Preferred entry: call exports.py (don't hand-roll requests)

Ready-made helpers live in skills/web-crawler/exports.py. Prefer them over writing your own proxied_get/proxied_post calls — they already inject the proxy credentials, so there is no API key to find (don't read $SCRAPECREATORS_API_KEY / $FIRECRAWL_API_KEY, don't check .env, don't ask the user).

import sys; sys.path.insert(0, "/data/workspace/skills/web-crawler")
from exports import scrape_markdown, youtube_transcript, sc_get
scrape_markdown("https://example.com/article")          # Firecrawl fallback
youtube_transcript("https://youtube.com/watch?v=ID")     # ScrapeCreators
sc_get("/v1/tiktok/profile", handle="charlidamelio")     # any SC endpoint

from exports import archive_fallback                      # paywall / Firecrawl-403
archive_fallback("https://www.nytimes.com/.../article.html")  # archive snapshot

Named wrappers exist for the high-frequency actions (YouTube/TikTok transcript & video, IG/Twitter/Reddit posts, profiles, Google/Reddit search). For any other ScrapeCreators endpoint use sc_get(path, **params) — it auto-strips leading @/# from handles/hashtags. The intent-routing tables below still tell you which endpoint to pass. Pass caller_id="chat:<thread>" (or job:/preview:) for cost tracking.

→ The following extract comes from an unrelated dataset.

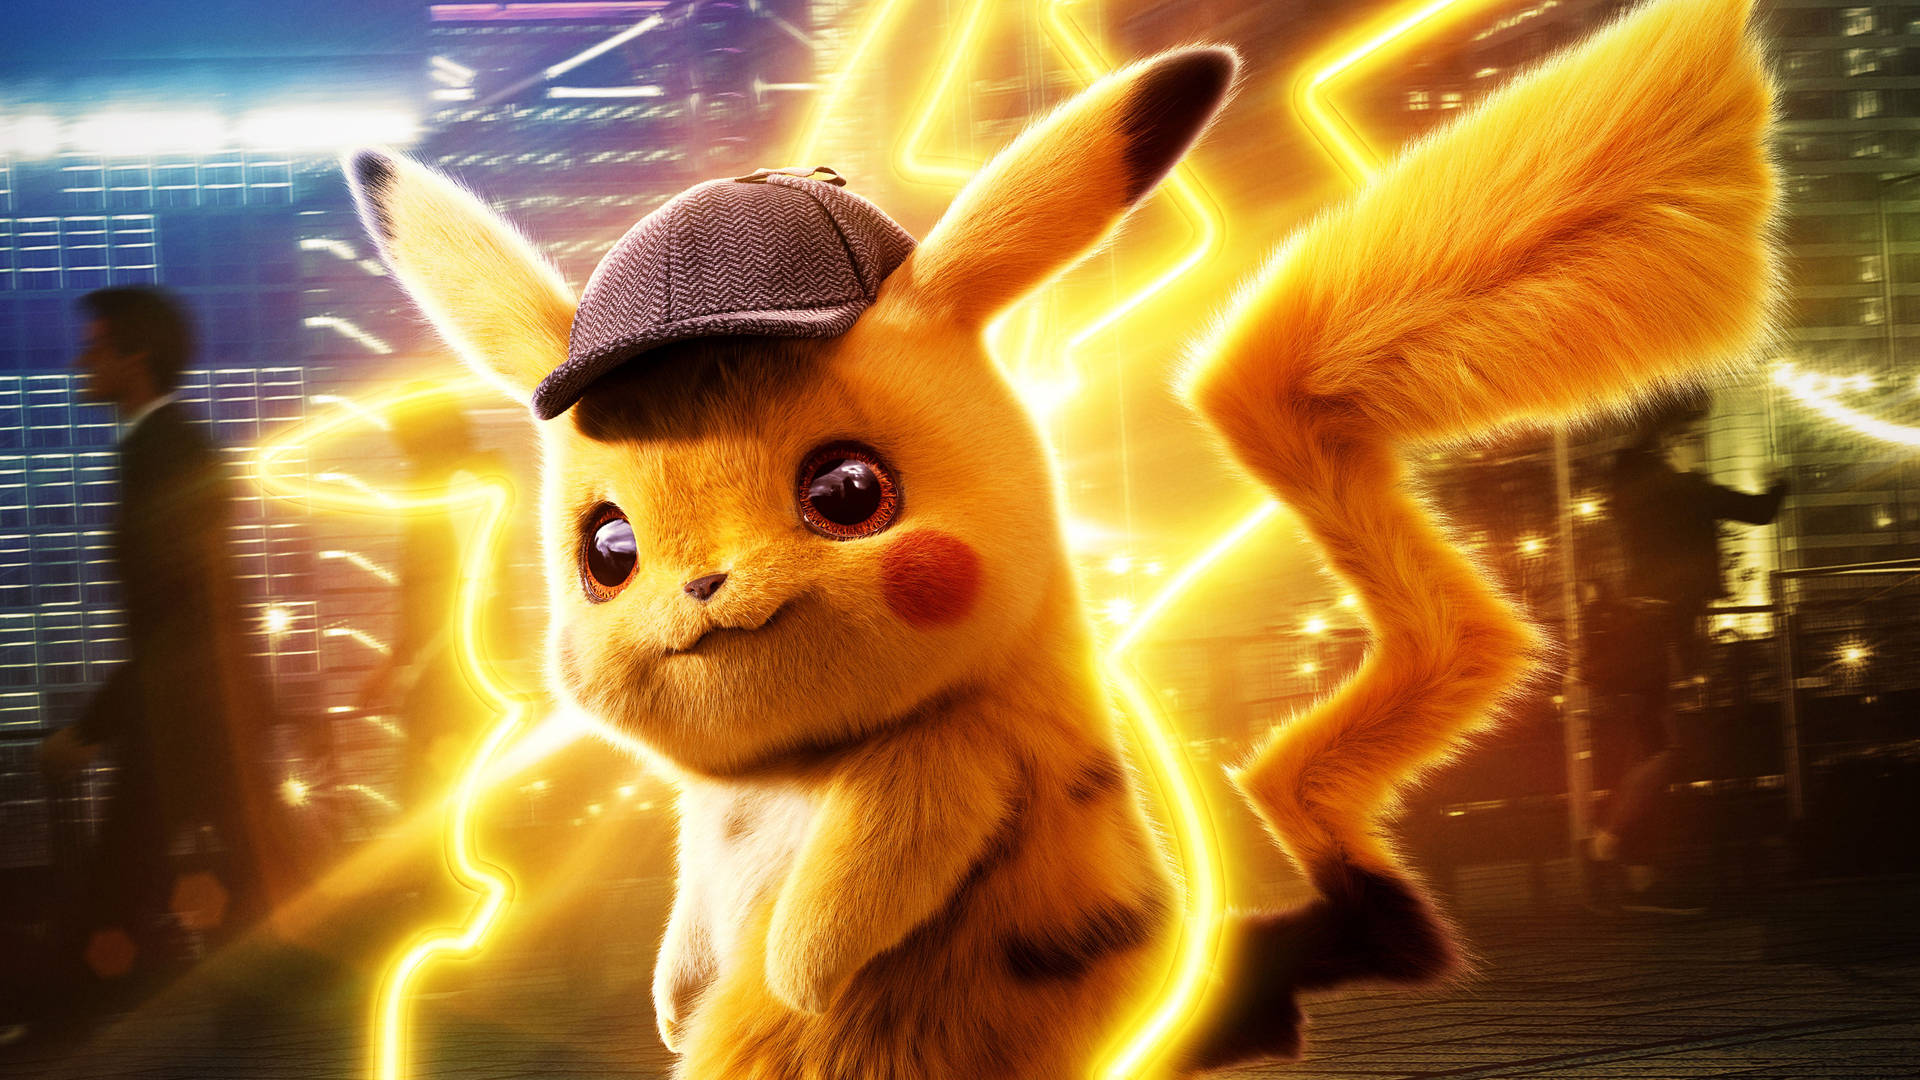 Pokémon Detective Pikachu Movie Poster Wallpaper

Quick trigger rules (read this first)

Use this skill immediately when any of these conditions is true:

  • web_fetch returns HTTP 401/403/429/5xx
  • Response is an anti-bot challenge page (for example Cloudflare "Attention Required", "Just a moment", or challenge/captcha pages)
  • The page is JS-heavy and the first fetch misses required detail fields (for example publish time, author, listing code, updated time, price breakdown)
  • Search results do not contain the requested field and the value must be extracted from the target page itself

Fallback rule:

  • If ordinary fetch is blocked or incomplete, switch to Firecrawl fallback in this skill before asking the user for screenshots/manual text.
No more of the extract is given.